Le temps de travail est le plus faible dans les secteurs de la finance-assurance et de l’industrie (respectivement 35,1 et 35,4 heures en 2017). C’était déjà le cas en 1998 avant les 35 heures. Ces deux secteurs se caractérisent par la présence de grands groupes et de conventions de branche assez développées. Les secteurs de l’hôtellerie-restauration et de la construction sont, à l’opposé, ceux dont les salariés ont la durée hebdomadaire la plus longue (respectivement 36,8 et 36,3 heures). Ces deux secteurs sont constitués de petites structures et doivent faire face à une saisonnalité importante de leur activité. Ces caractéristiques sectorielles se retrouvent dans la quasi-totalité des pays européens.
Sans surprise, le temps de travail est plus élevé dans les PME que dans les grandes entreprises. La durée hebdomadaire moyenne de travail déclarée dans les TPE est très légèrement inférieure à celle des entreprises de 10 à 19 salariés mais est supérieure à celle de l’ensemble des entreprises de 10 salariés ou plus. 66,1 % des salariés à temps complet des TPE travaillent moins de 36 heures par semaine, contre 82,3 % dans les entreprises de 10 salariés ou plus. Près du quart ont une durée hebdomadaire de travail supérieure à 39 heures contre 9,0 % dans les entreprises de 10 salariés ou plus.
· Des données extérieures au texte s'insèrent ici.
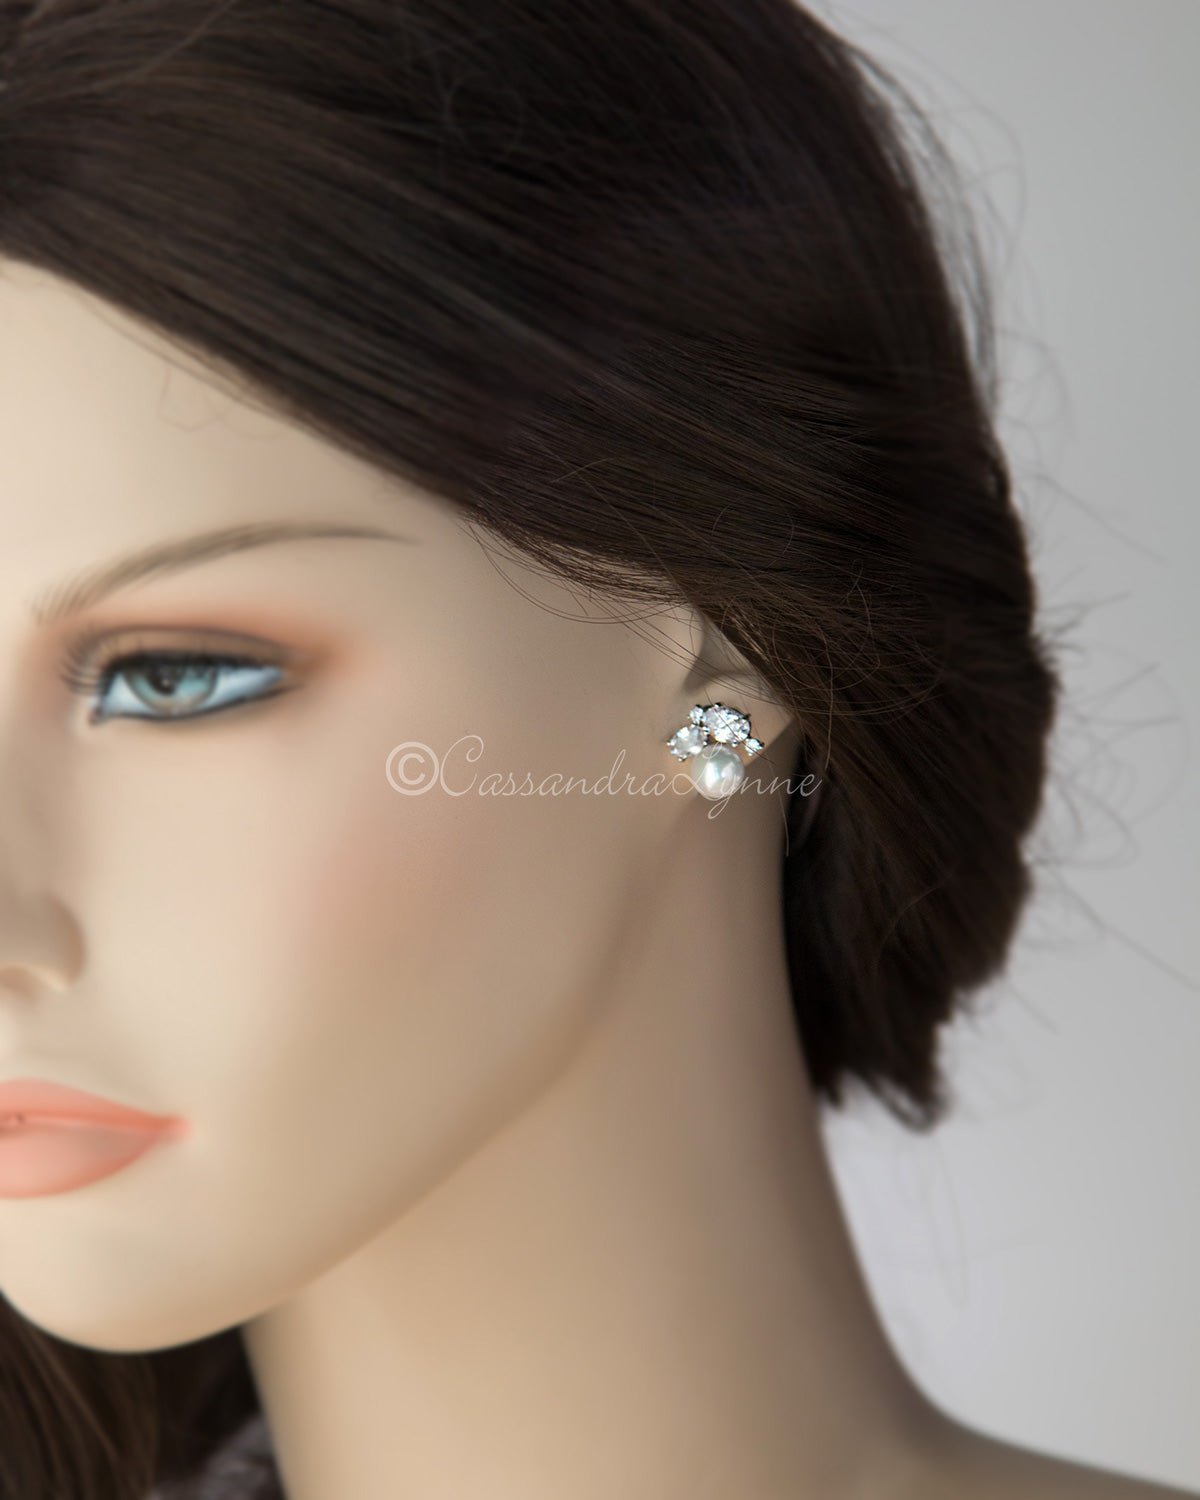 Pearl Stud Earrings with Oval CZ - Cassandra Lynne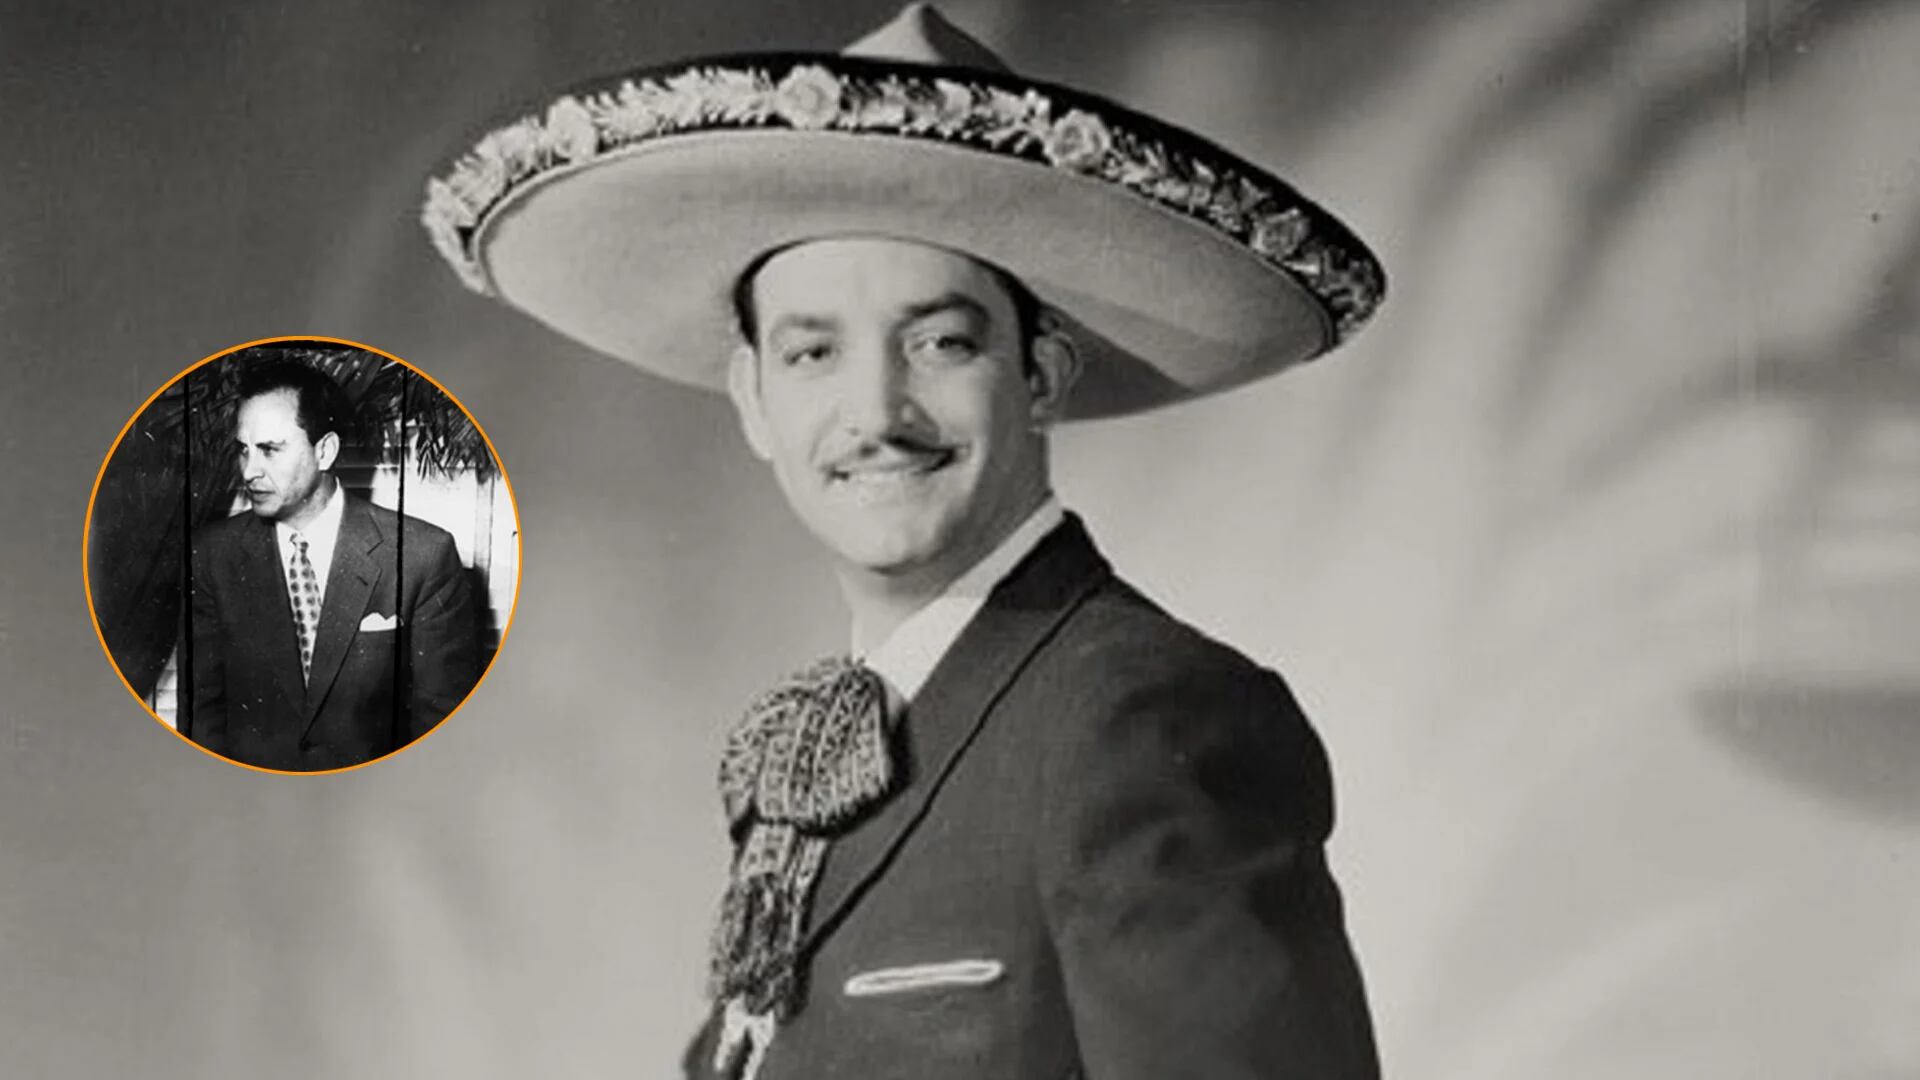 El hermano de un presidente mexicano que fue actor y amigo de Jorge Negrete

Si pour le moment, la reprise économique ne s’est pas traduite par une réelle augmentation du temps de travail hebdomadaire du fait de l’existence d’un fort volant de chômage, cette situation pourrait être amenée à changer avec l’apparition de goulots d’étranglement. Sur les 35 heures, les sondages sont très contradictoires. Ainsi, en 2015, selon un sondage réalisé par CSA pour Les Echos, Radio Classique et l’institut Montaigne, 71 % des salariés du privé étaient favorables à ce que les entreprises puissent fixer librement le temps de travail, par accord avec leurs salariés. Mais au mois de décembre 2016, selon un sondage BVA, 65 % des salariés français étaient opposés à l’augmentation de la durée de travail hebdomadaire.